### MATERIAL PROVIDED
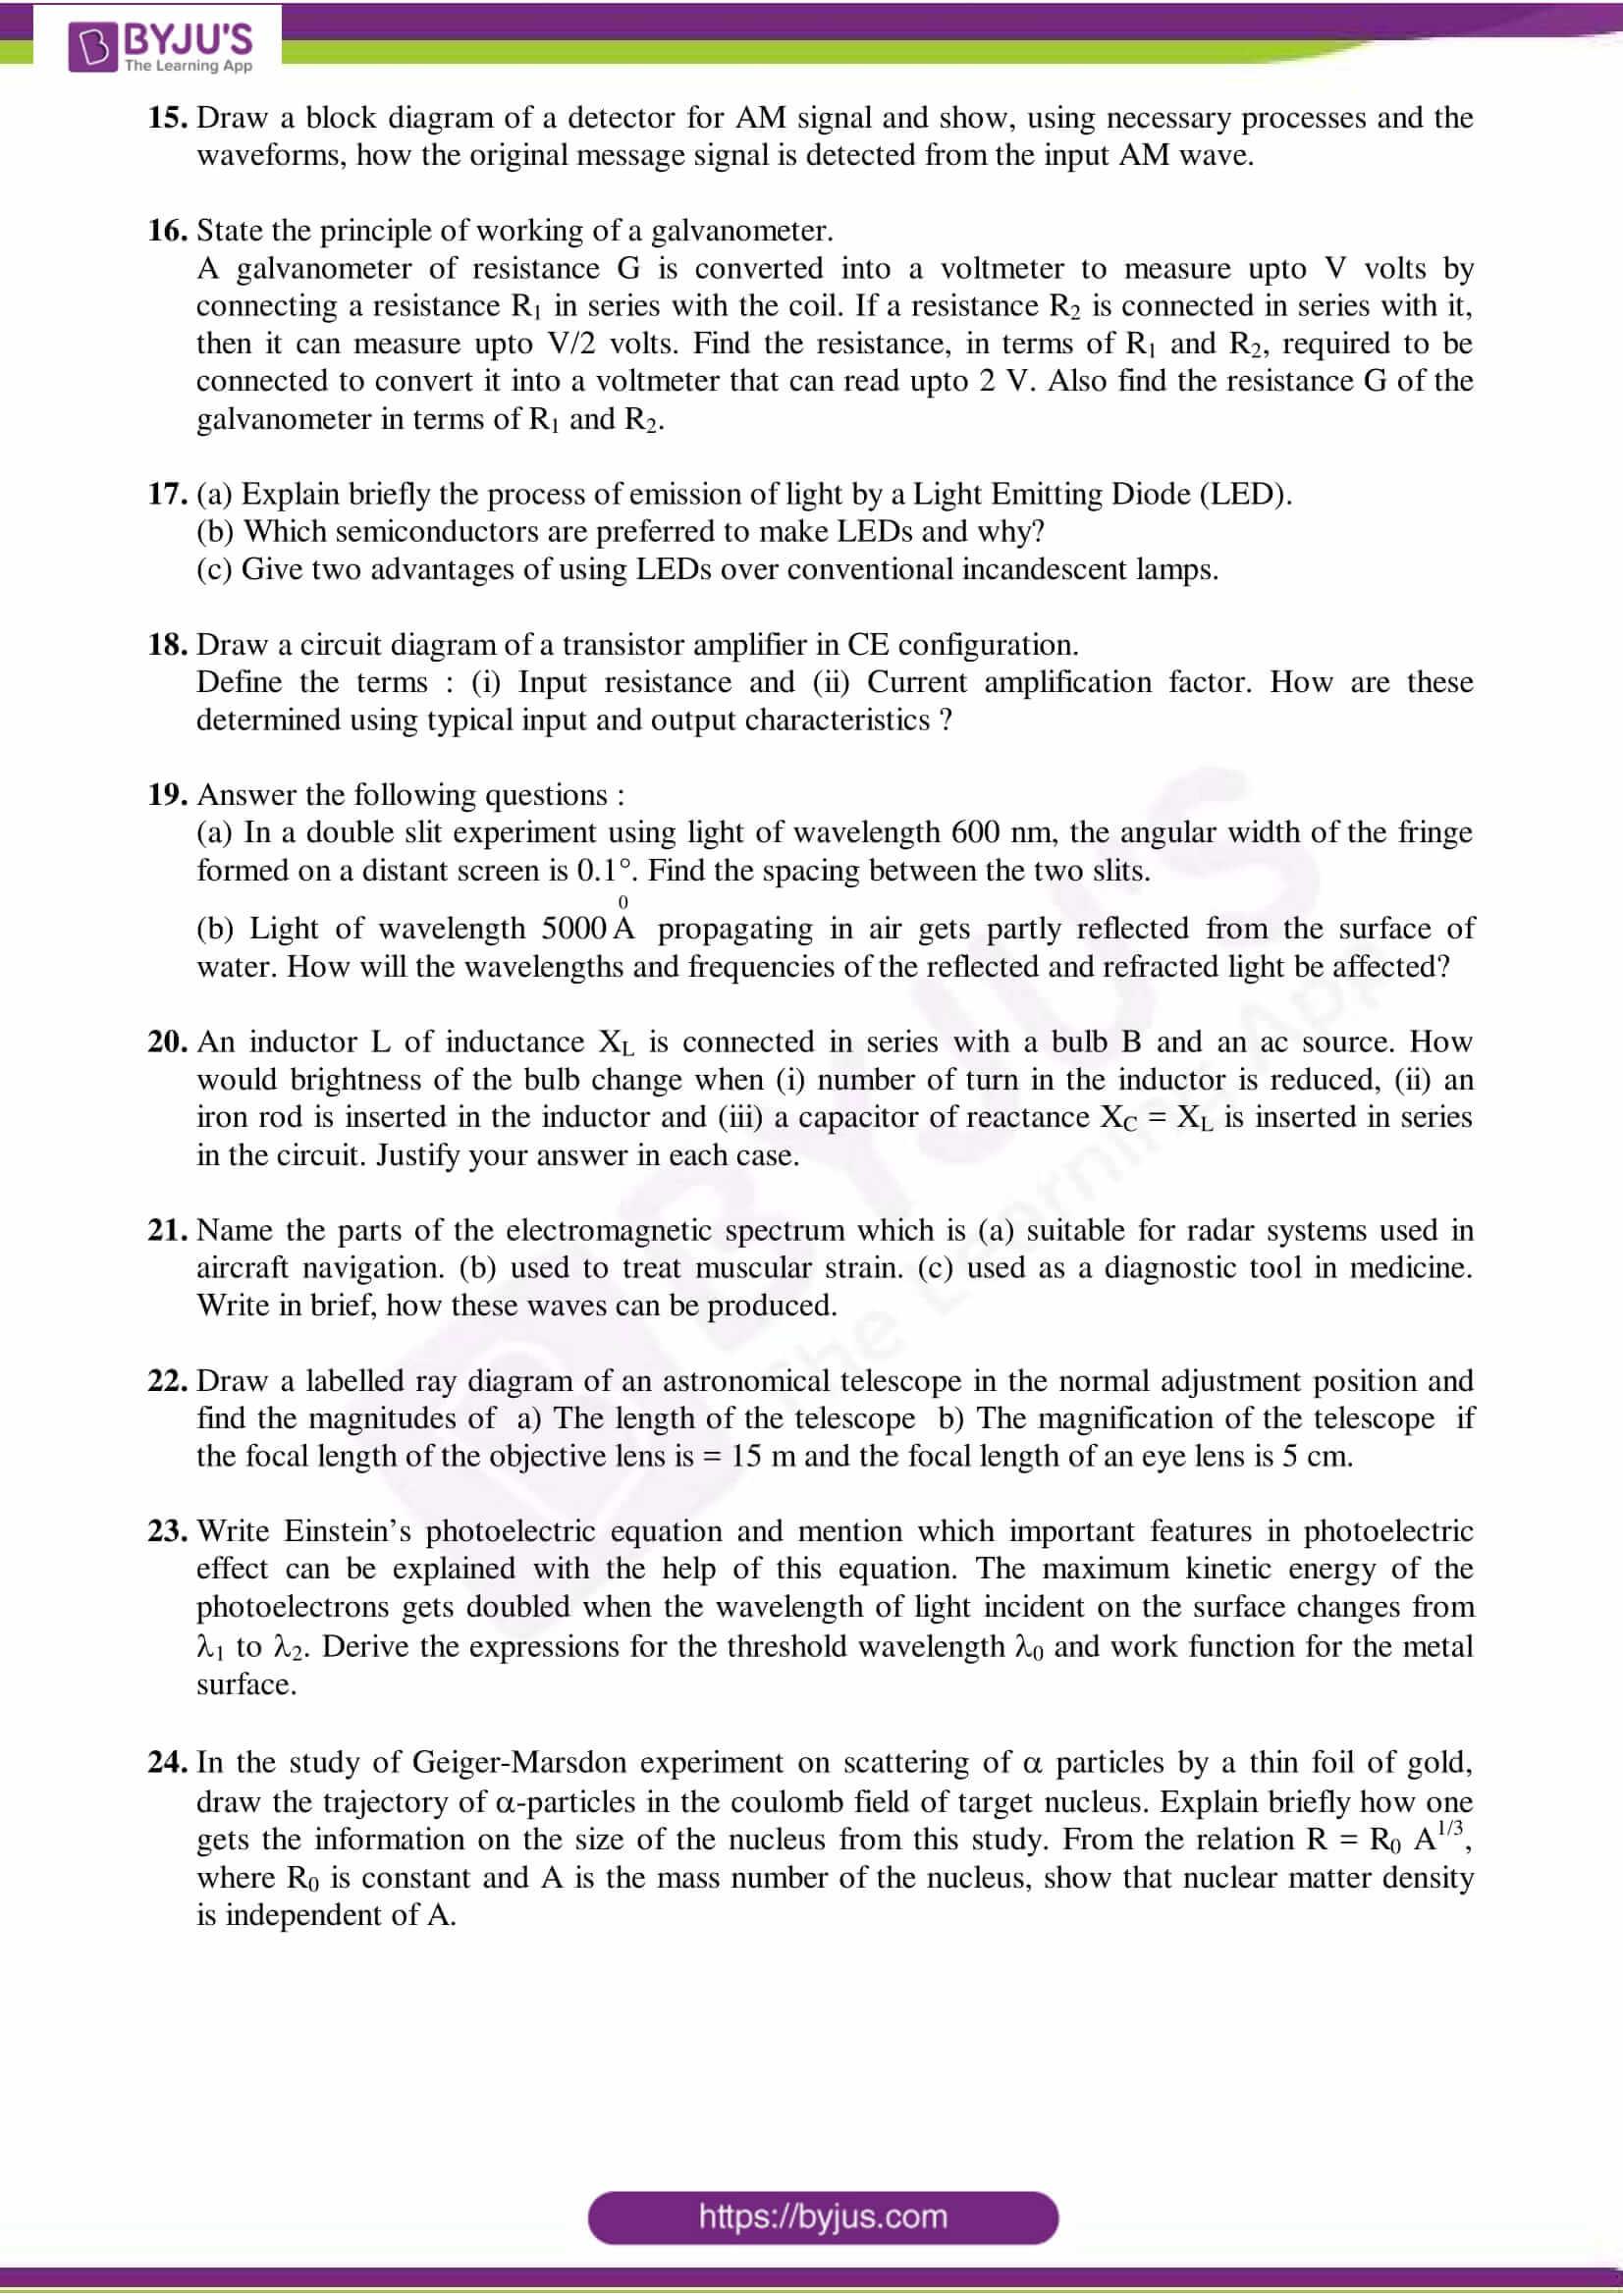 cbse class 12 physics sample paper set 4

--

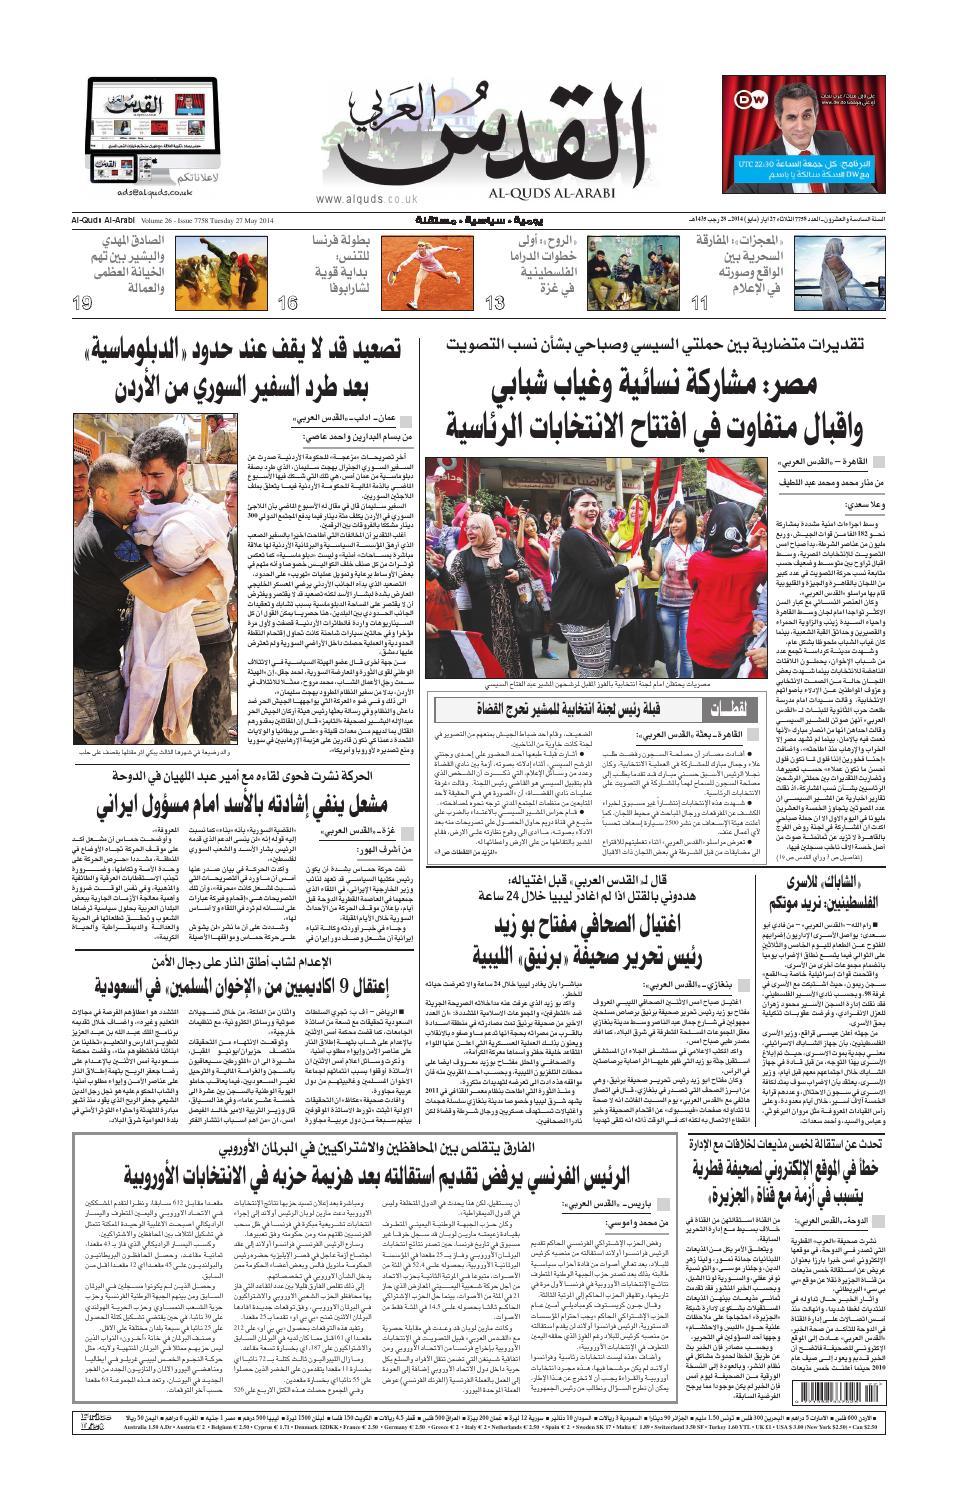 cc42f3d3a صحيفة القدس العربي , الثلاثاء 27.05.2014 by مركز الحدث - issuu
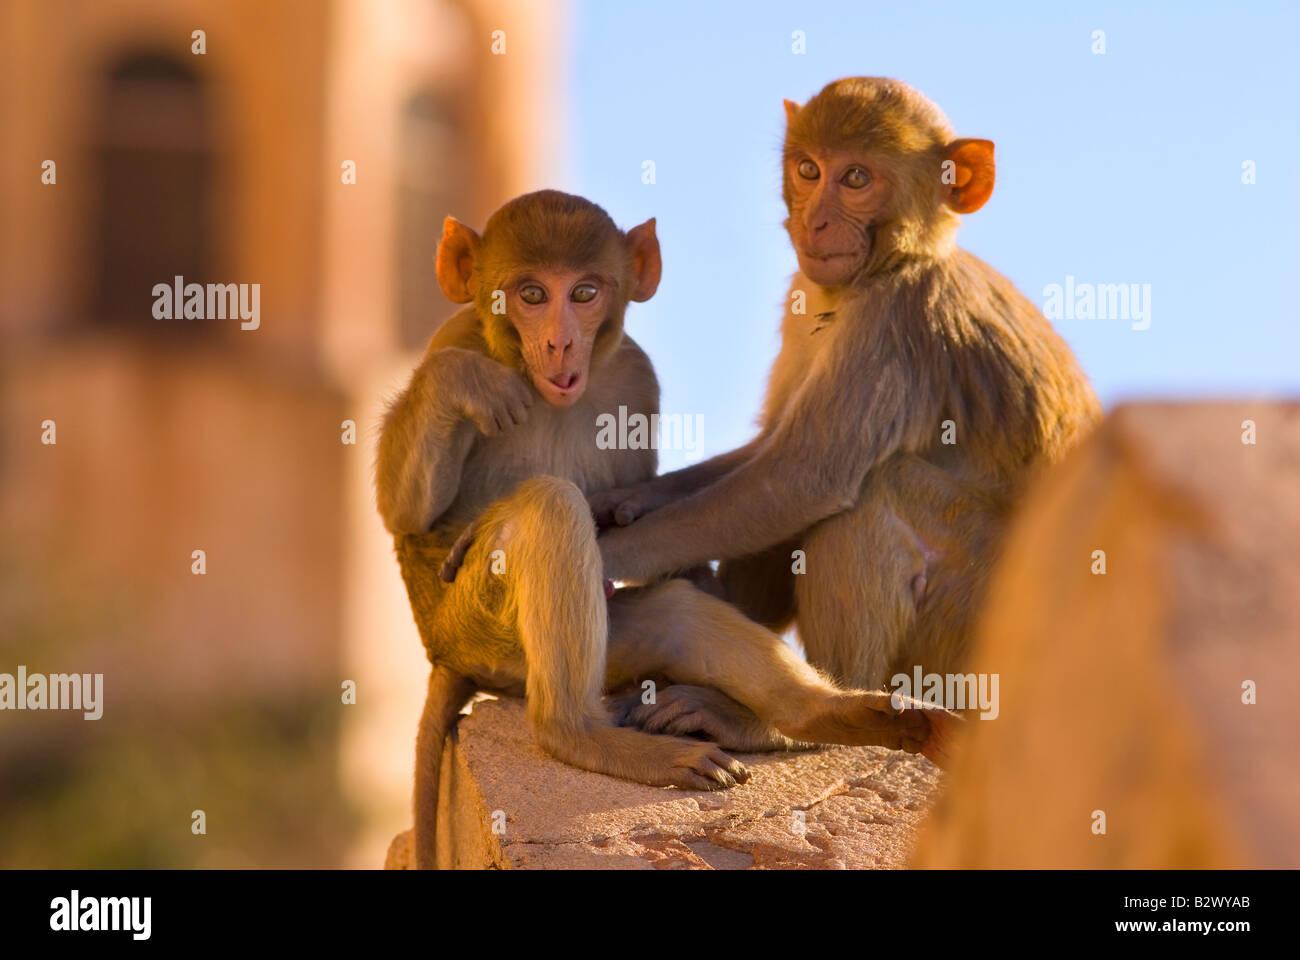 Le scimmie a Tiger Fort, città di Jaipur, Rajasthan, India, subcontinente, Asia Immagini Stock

### TASK ITEM
Every line above from the one with "cc42f3d3a صحيفة القدس" down to the one with "Le scimmie a" must be written out exactly, and no picture may appear.

### RESULT
 cc42f3d3a صحيفة القدس العربي , الثلاثاء 27.05.2014 by مركز الحدث - issuu
 Le scimmie a Tiger Fort, città di Jaipur, Rajasthan, India, subcontinente, Asia Immagini Stock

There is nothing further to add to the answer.